==== INFORMATION SUPPLIED ====

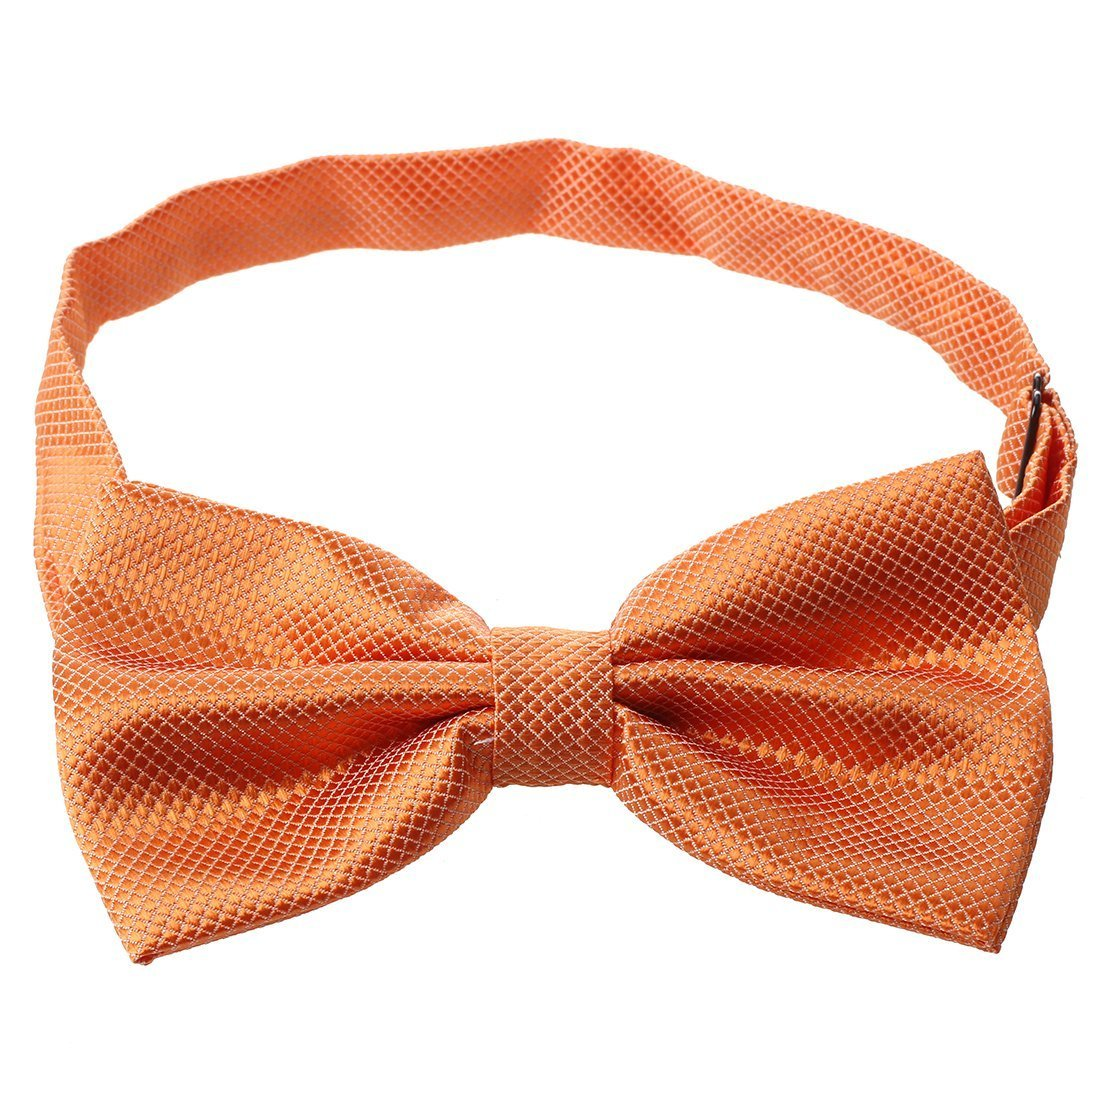 SODIAL(R) Corbata de Lazo Pajarita Bow Tie para Traje Formal ...
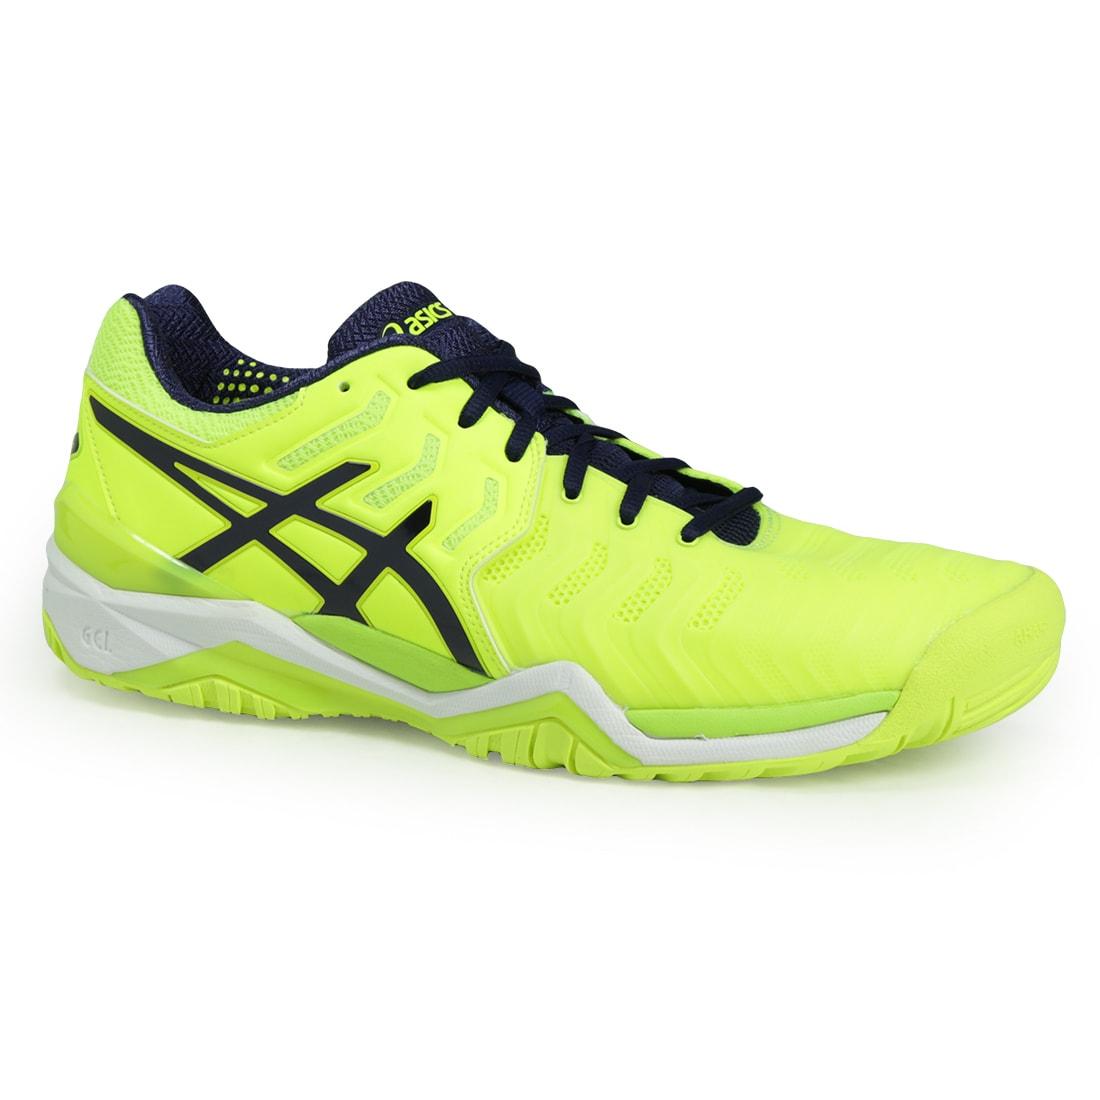 Asics Gel Resolution 7 Men's Tennis Shoe (10), Blue (Synt...
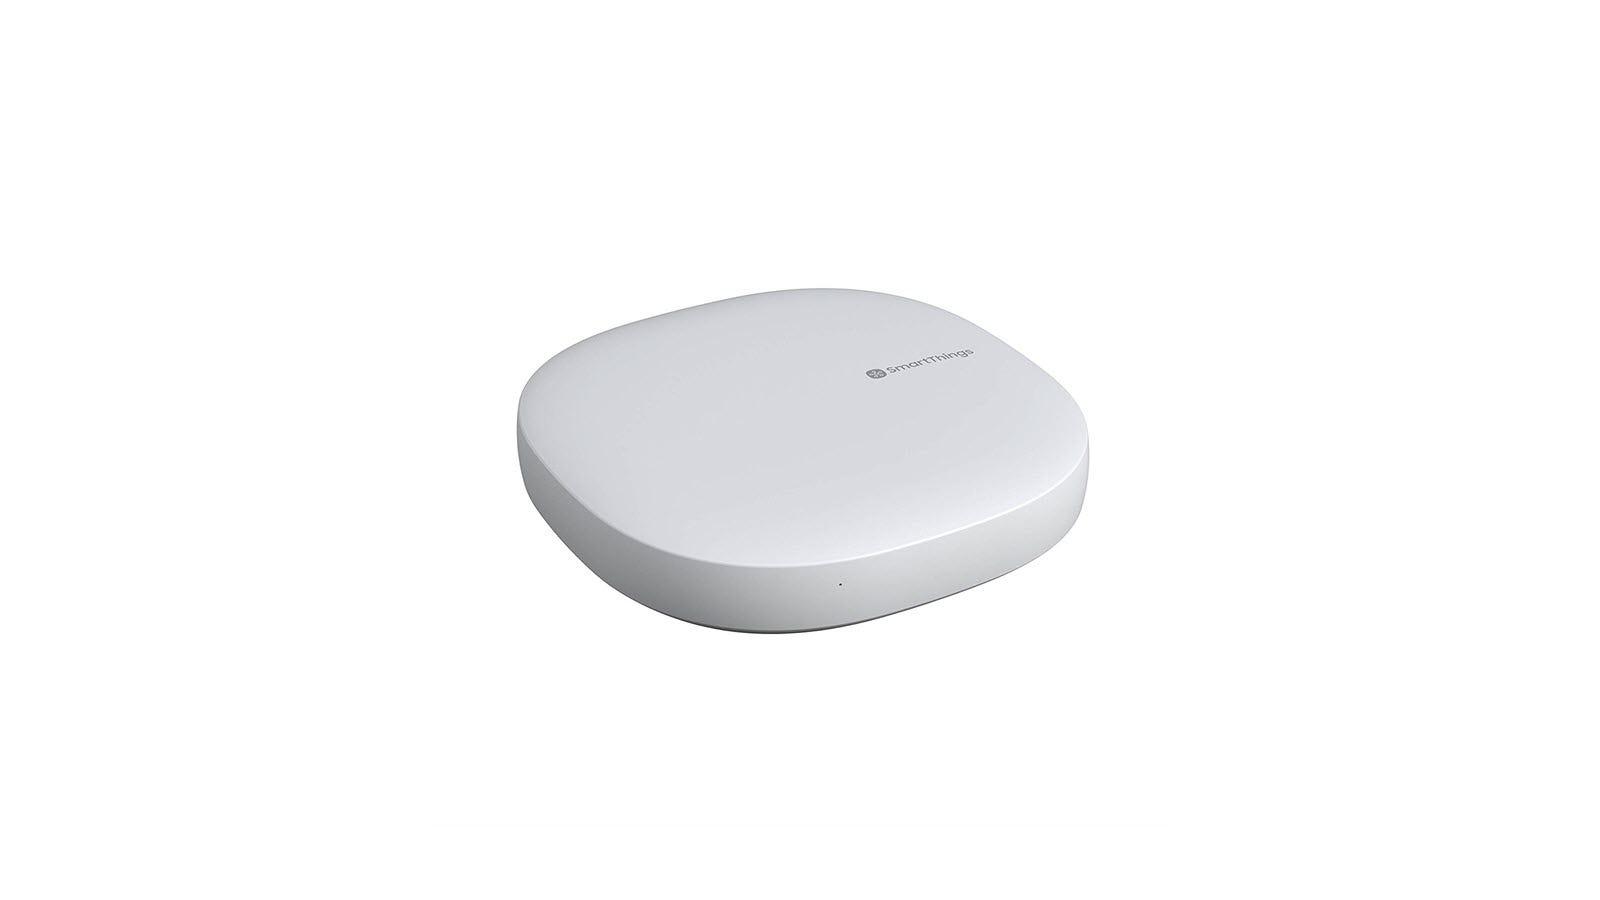 A white Samsung SmartThings hub
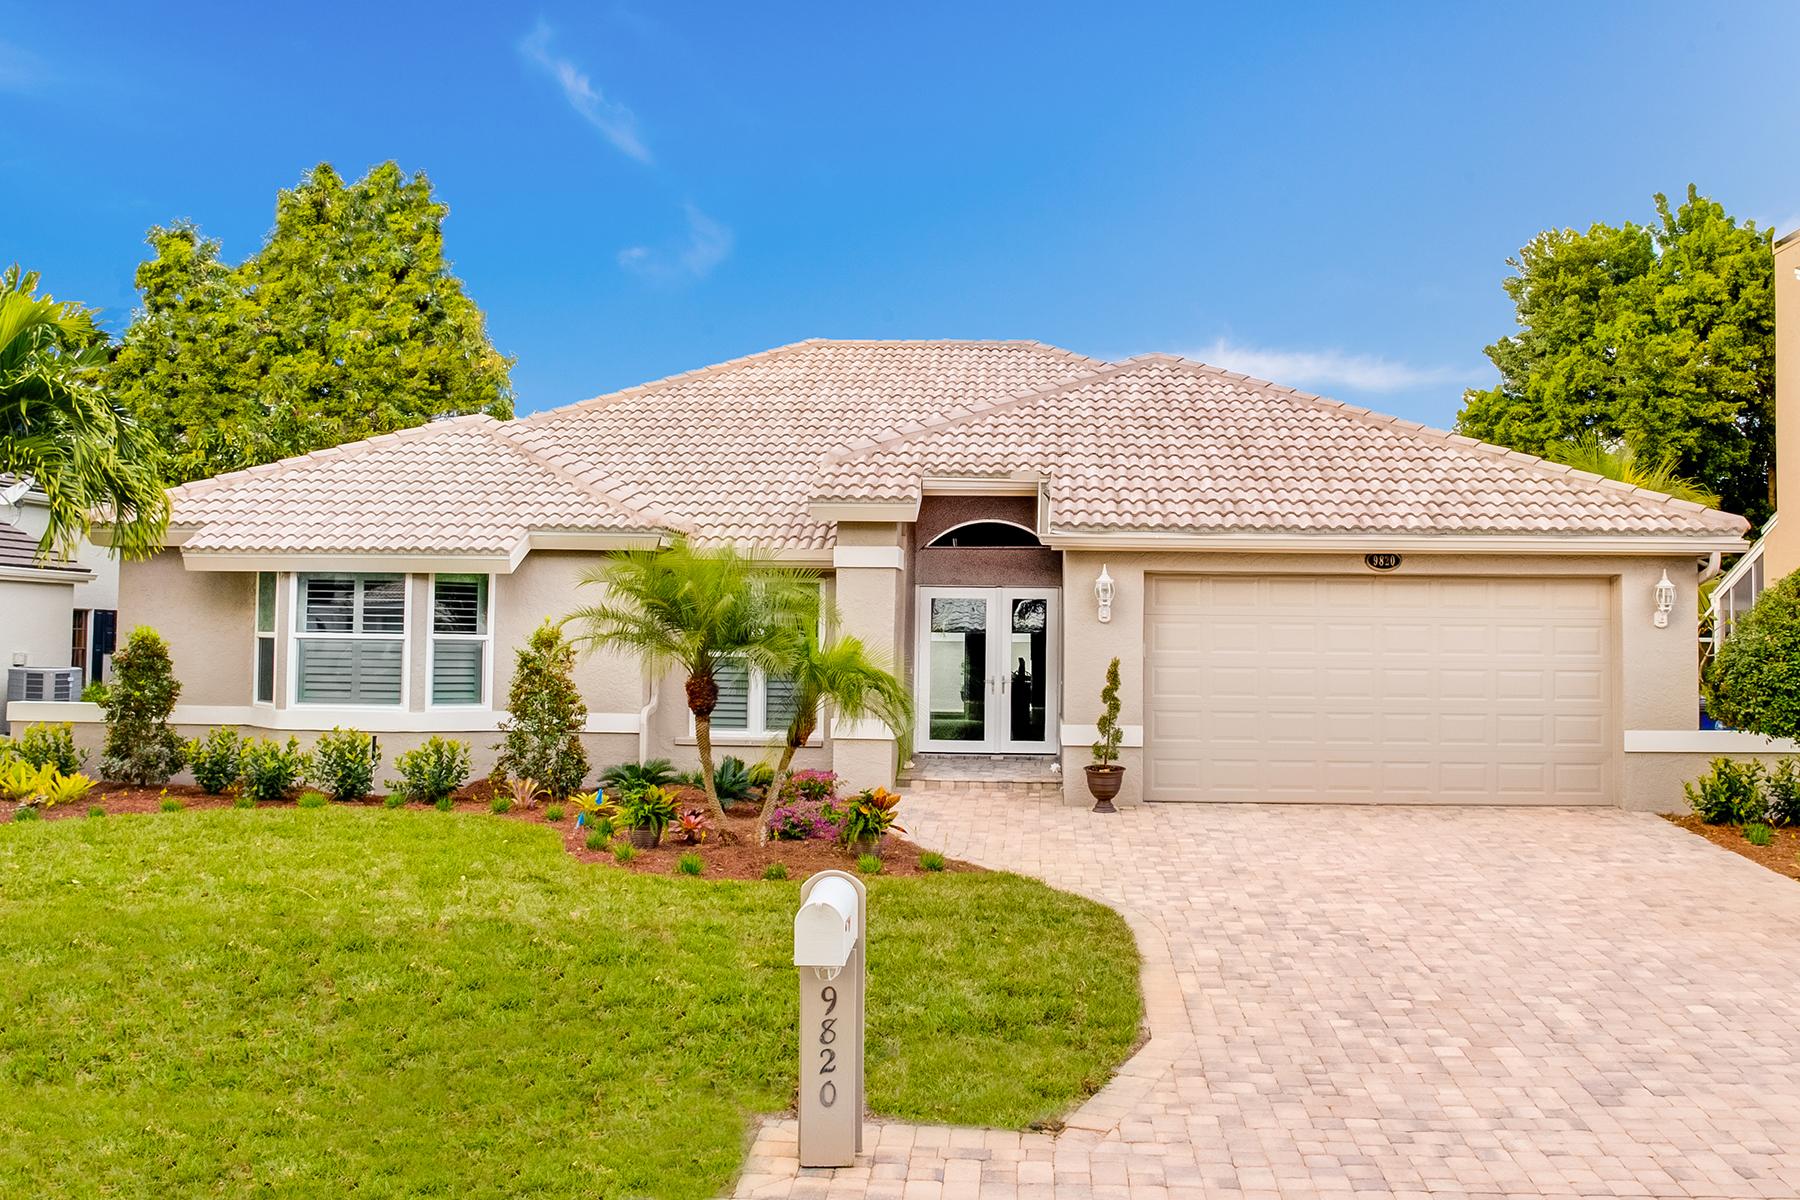 Villa per Vendita alle ore FOR MYES 9820 Capstan Ct Fort Myers, Florida, 33919 Stati Uniti

====

[PROBLEM DETAILS] An exact reproduction of the material above is needed, without its pictures.

[RESULT OF THIS EXERCISE]
 SODIAL(R) Corbata de Lazo Pajarita Bow Tie para Traje Formal ...
 Asics Gel Resolution 7 Men's Tennis Shoe (10), Blue (Synt...
 A white Samsung SmartThings hub
 Villa per Vendita alle ore FOR MYES 9820 Capstan Ct Fort Myers, Florida, 33919 Stati Uniti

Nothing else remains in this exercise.